LEDs weren’t always an easy solution to displays and indicators. The fine folks at [Industrial Alchemy] shared pictures of a device that shows what kind of effort and cost went into making a high brightness bar graph display in the 70s, back when LEDs were both expensive and not particularly bright. There are no strange materials or methods involved in making the display daylight-readable, but it’s a peek at how solving problems we take for granted today sometimes took a lot of expense and effort.

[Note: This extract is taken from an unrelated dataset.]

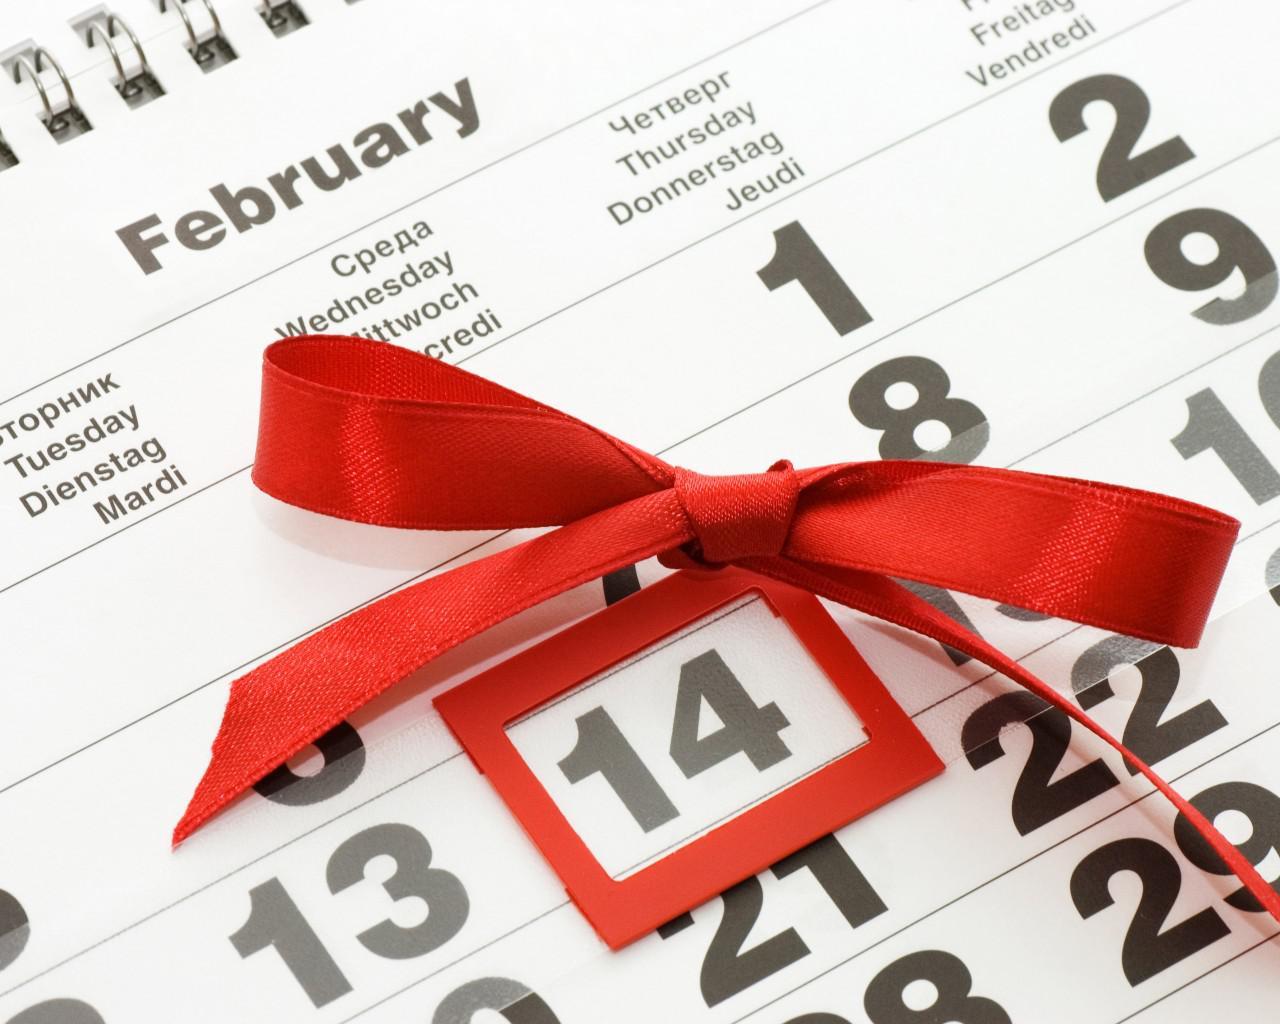 February 14 Valentine's Day

The display is a row of 28 small incandescent bulbs, mounted in a PCB and housed in a machined aluminum frame. Holes through which to view the bulbs are on both the top and front of the metal housing, which allows the unit to be mounted in different orientations. It was made as a swappable module, its 56 machined gold pins mate to sockets on the driver board. The driver board itself consists of 14 LM119 dual comparators, each of which controls two bulbs on the display.
[Industrial Alchemy] believes that the display unit itself may have been a bit of a hack in its own way. Based on the pin spacing and dimensions of the driver board, they feel that it was probably designed to host a row of modular units known as the Wamco minitron bar graph display. An example is pictured here; they resembled DIP chips and could be stacked side-by-side to make a display of any length. Each window contained an incandescent filament in a reflective well, and each light could be individually controlled.

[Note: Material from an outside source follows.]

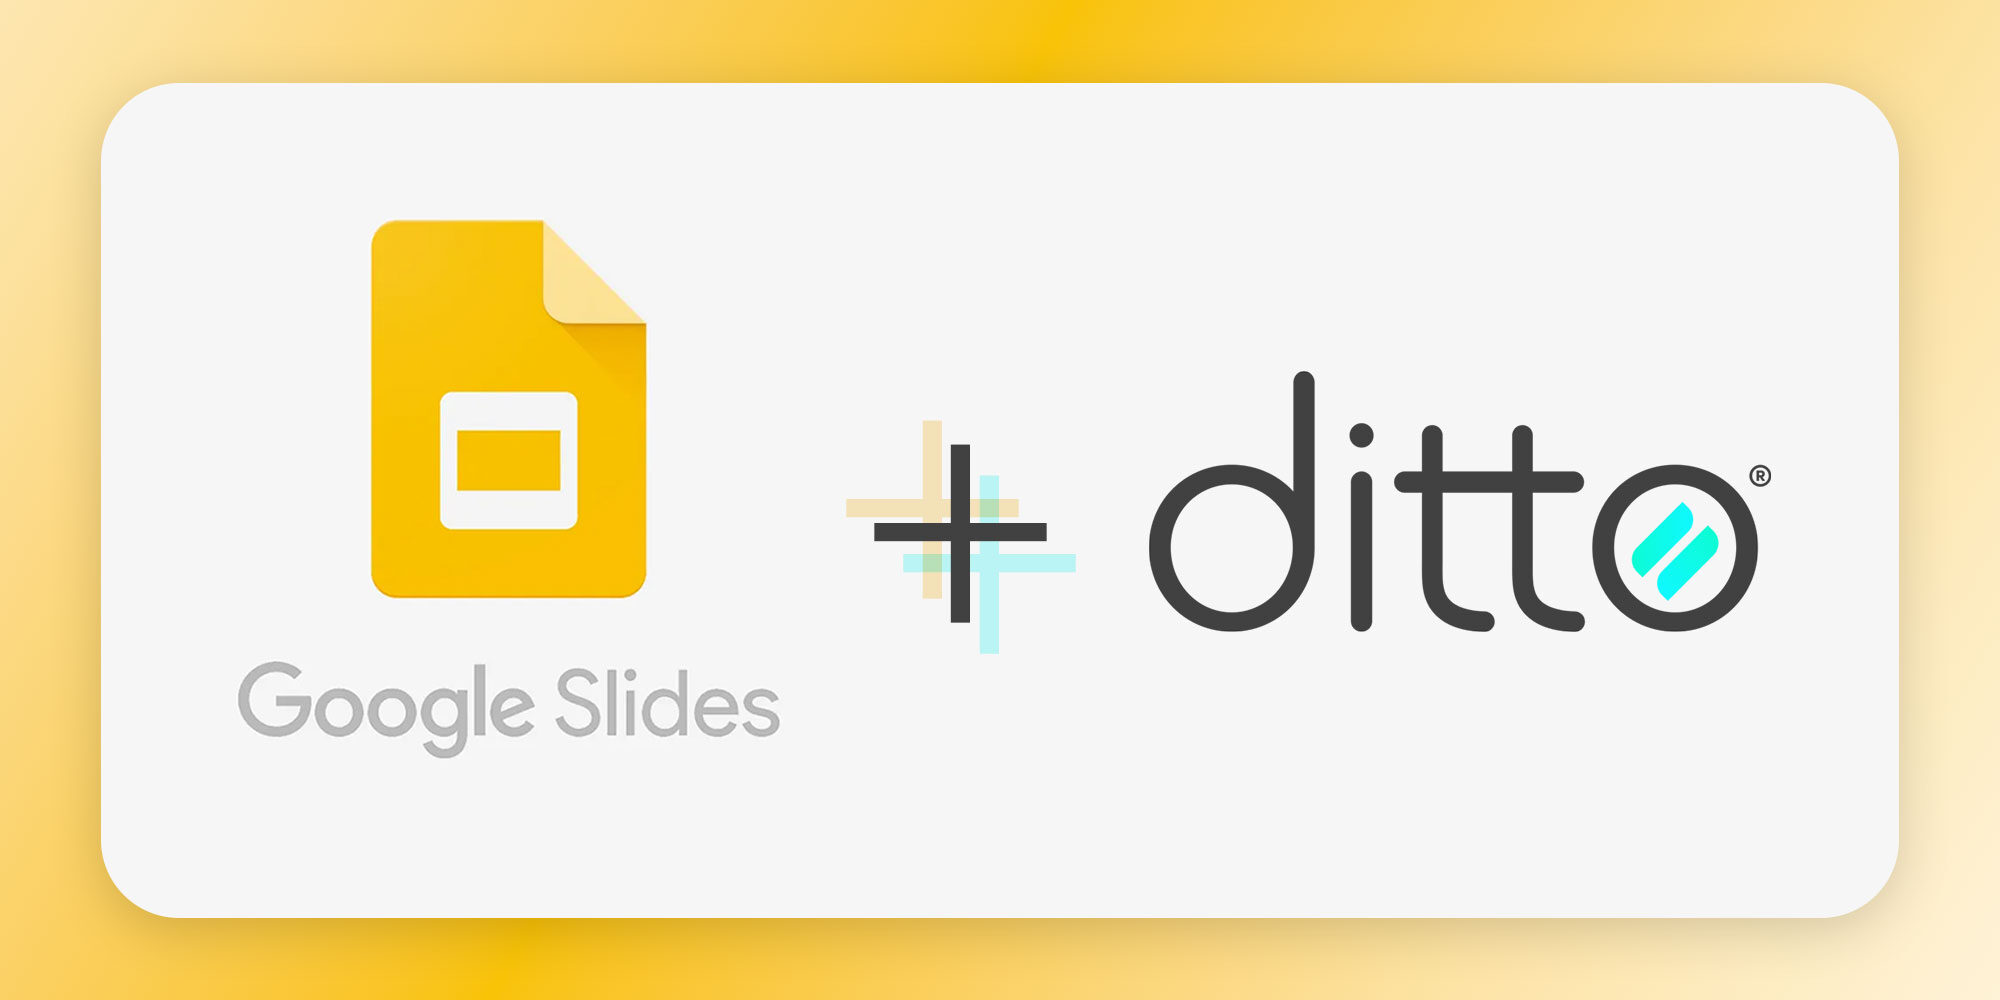 Google Slides and Ditto digital signage

These minitron bar graph units could only be viewed from the top, and were apparently high in cost and low in availability. Getting around these limitations may have been worth creating this compatible unit despite the work involved.
Display technology has taken many different turns over the years, and you can see examples of many of them in one place in the Circus Clock, which tells the time with a different technology for each digit: a nixie, a numitron, a 7-segment thyratron tube, a VFD, an LED dot display, and a rear projection display.